WHAT IS IT THAT ACTUALLY HAPPENS WHEN YOU DO HAVE A BLACK HOLE?

DIFFERENT PHENOMENA THAT ACCOMPANY A BLACK HOLE

 

ACCRETION DISCS

 

 Stars that are candidates for a black hole generally have an “atmosphere” consisting of dust and gas before they collapse. When the star collapses into itself and forms a black hole it does not use up all of this matter and therefore after the formation of the black hole there is a lot of dust and gas (actually this dust and gas is in the plasma state) still floating around it.

       This dust doesn’t directly fall into the black hole but gets disturbed by the presence of the black hole.

   This dust starts revolving around the black hole with very large speeds.

     The black hole has a very powerful gravitational field around it. If we consider dust a little farther away from a black hole it has tremendous gravitational potential and thus very high gravitational energy. This is because the higher up a particle is in a gravitational field, the greater energy it has.

   This dust then starts falling into the black hole thus its gravitational potential decreases and this decrease in potential energy is accompanied by an increase in kinetic and heat energy.

    With an increase in kinetic energy the dust follows a spiraling elliptical orbit into the black hole. And because of the increase in heat energy it starts to radiate heat energy and gradually starts visibly glowing and then after a period of time starts to emit x-rays. So such black holes can be detected by the use of X-Ray telescopes.

                                                                                                                                             

 

 

WHY DOES THIS DUST FALLING INTO A BLACK HOLE FORM A DISC AND NOT A SPHERE OR ANY OTHER SHAPE AROUND IT?

 

                                                                                                                                                     

 

 

 

 

 

 

 

 

 

 

 

 

 

The ergosphere (see picture) connects with the black hole’s outer event horizon and the poles of its axis of rotation (It's a lot like a squished orange on a stick: the peel billows out and connects with the pulp where the stick punctured the orange. Something like that, you see). . The ergosphere is the fullest in the area where the accretion disc forms. At the two poles of the black hole there is no ergosphere or it is too small and there is the outer event horizon. The dust in the ergosphere starts moving with the rotation of the black hole and thus the dust in the ergosphere moves faster than that at the poles. So, the dust at the poles crosses the event horizon faster than that at the equator. And that is why a disc forms.

A short summary:

BLACK HOLE HAS DUST AND GRAVITATIONAL FIELD AROUND IT→DUST DISTURBED→DUST STARTS FALLING IN→ERGOSPHERE FULLEST WHERE ACCRETION DISK FORMED→DUST IN ERGOSPHERE FASTER THAN AT THE POLES→THUS DUST AT POLES CROSSES EVENT HORIZON FASTER THAN AT EQUATOR→WE HAVE A DISK!

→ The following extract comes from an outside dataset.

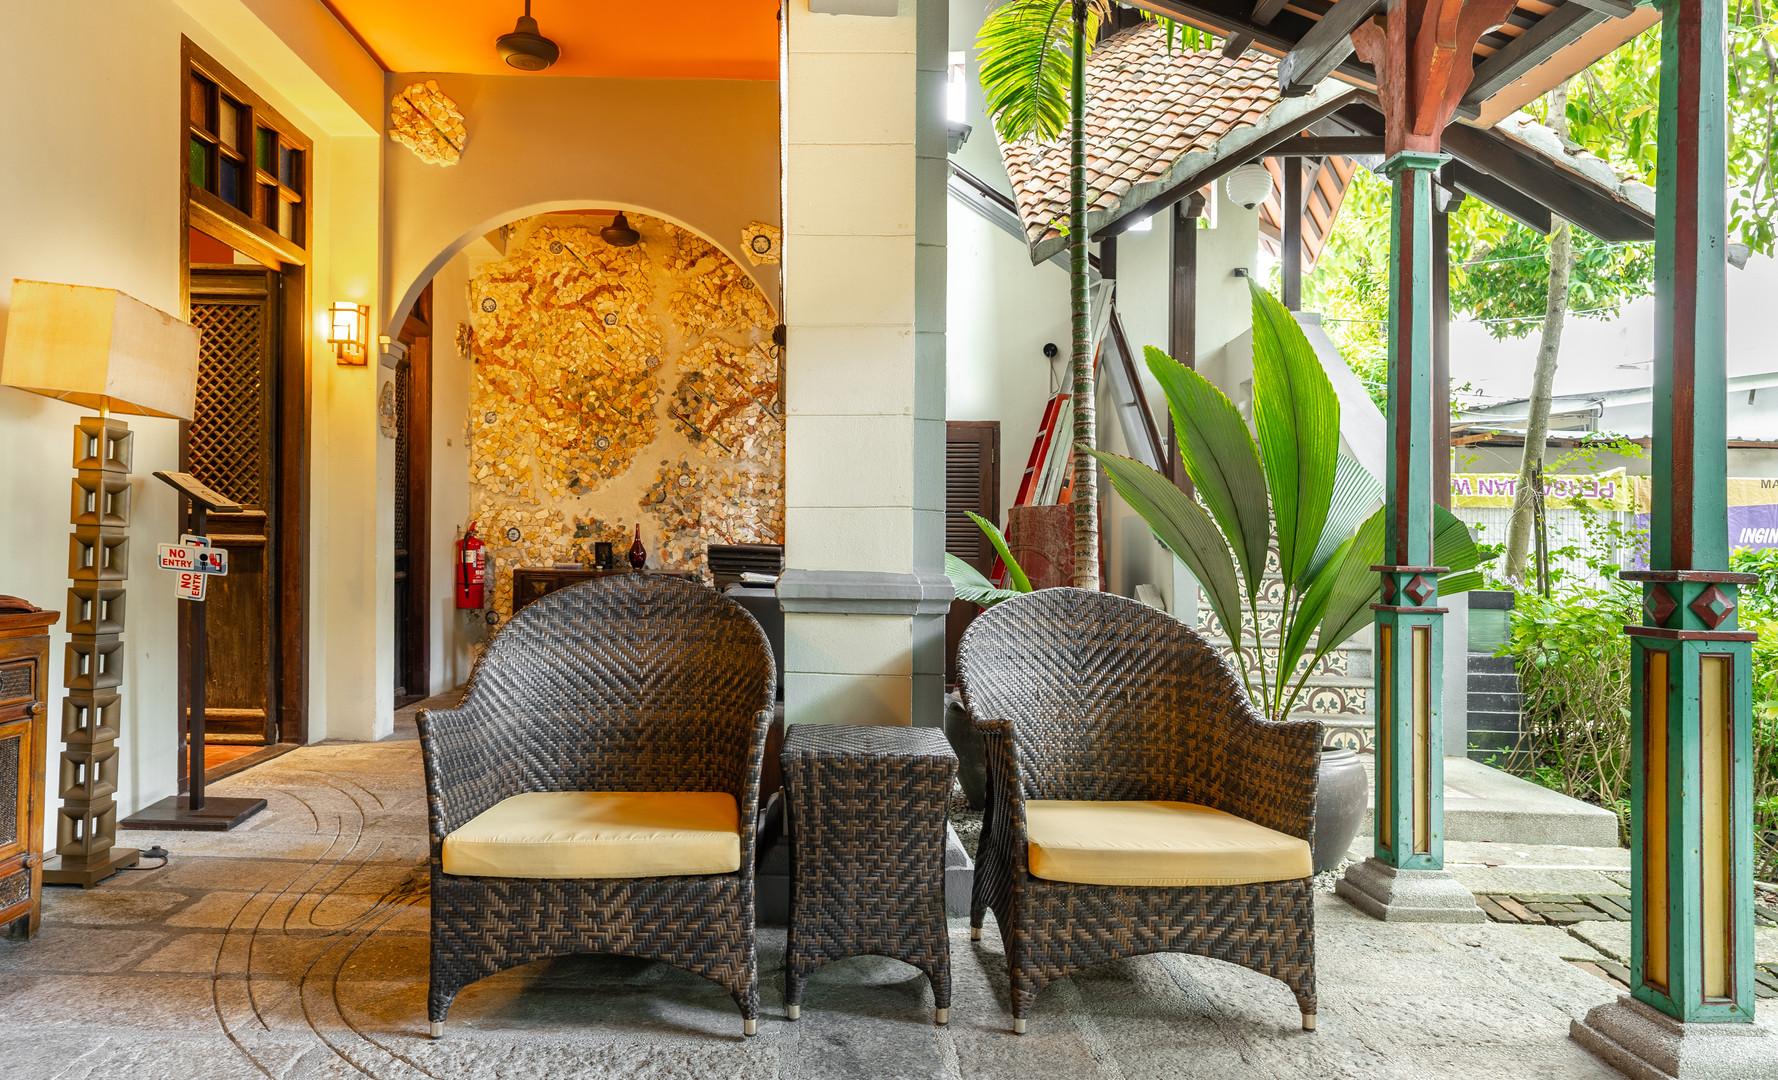 Hotel Penaga - Penaga Spa Waiting Area

ACCRETION DISC IN A BINARY:

 

 

 

 

JETS

False-color images of plasmas in a spheromak taken with a high-speed digital camera show the development of jet-like structure (a) and helical instability (b) in the jet.

A spheromak is a device originally created to study nuclear fusion but it was found to mimic black hole jets.

Scientists have caught a supermassive black hole in a distant galaxy in the act of spurting energy into a jet of electrons and magnetic fields four distinct times in the past three years, a celestial take on a Yellowstone geyser. (Artist's rendering courtesy Dr. Wolfgang Steffen, Project Cosmovision; University of Guadalajara, Mexico)

JETS

The jets form when the presence of the rotating accretion disc twists the magnetic field around the black hole. The matter that is trapped inside the black hole approaches the speed of light on its way inside and gets converted to plasma.

 

But how does this actually happen?

As we know now, there is a huge amount of dust or plasma revolving around the black hole. There is a build up of static electricity with all the plasma revolving around it. As the electric field is in motion, a magnetic field builds up around it. This is a very powerful field and the electrons that were going to fall into the black hole get caught up in his field. Moreover the direction of the generated magnetic field is perpendicular to the direction of the electric field (by the right hand thumb rule: curve the fingers of your right hand in the direction of the electric field, and the thumb of your right hand points in the direction of the magnetic field).

The electrons that move in the magnetic field streak out along the axis of rotation of the black hole and attain very large speeds and energy by the action of the magnetic field. i.e. Magnetic forces squeeze the plasma and its magnetic energy is embedded into narrow jets that shoot out along the axis of rotation.  These hypervelocity streams of superheated gas, or plasma, are concentrated into two narrow paths that travel in opposite directions, along the black hole’s axis of rotation. These streams of electrons pick up a huge mount of energy and become x-rays and sometimes even gamma rays. The jets are like huge fountains of light shooting out from the accretion disc away from the black hole.

 

SO WHICH BLACK HOLES DO WE ALREADY KNOW ABOUT?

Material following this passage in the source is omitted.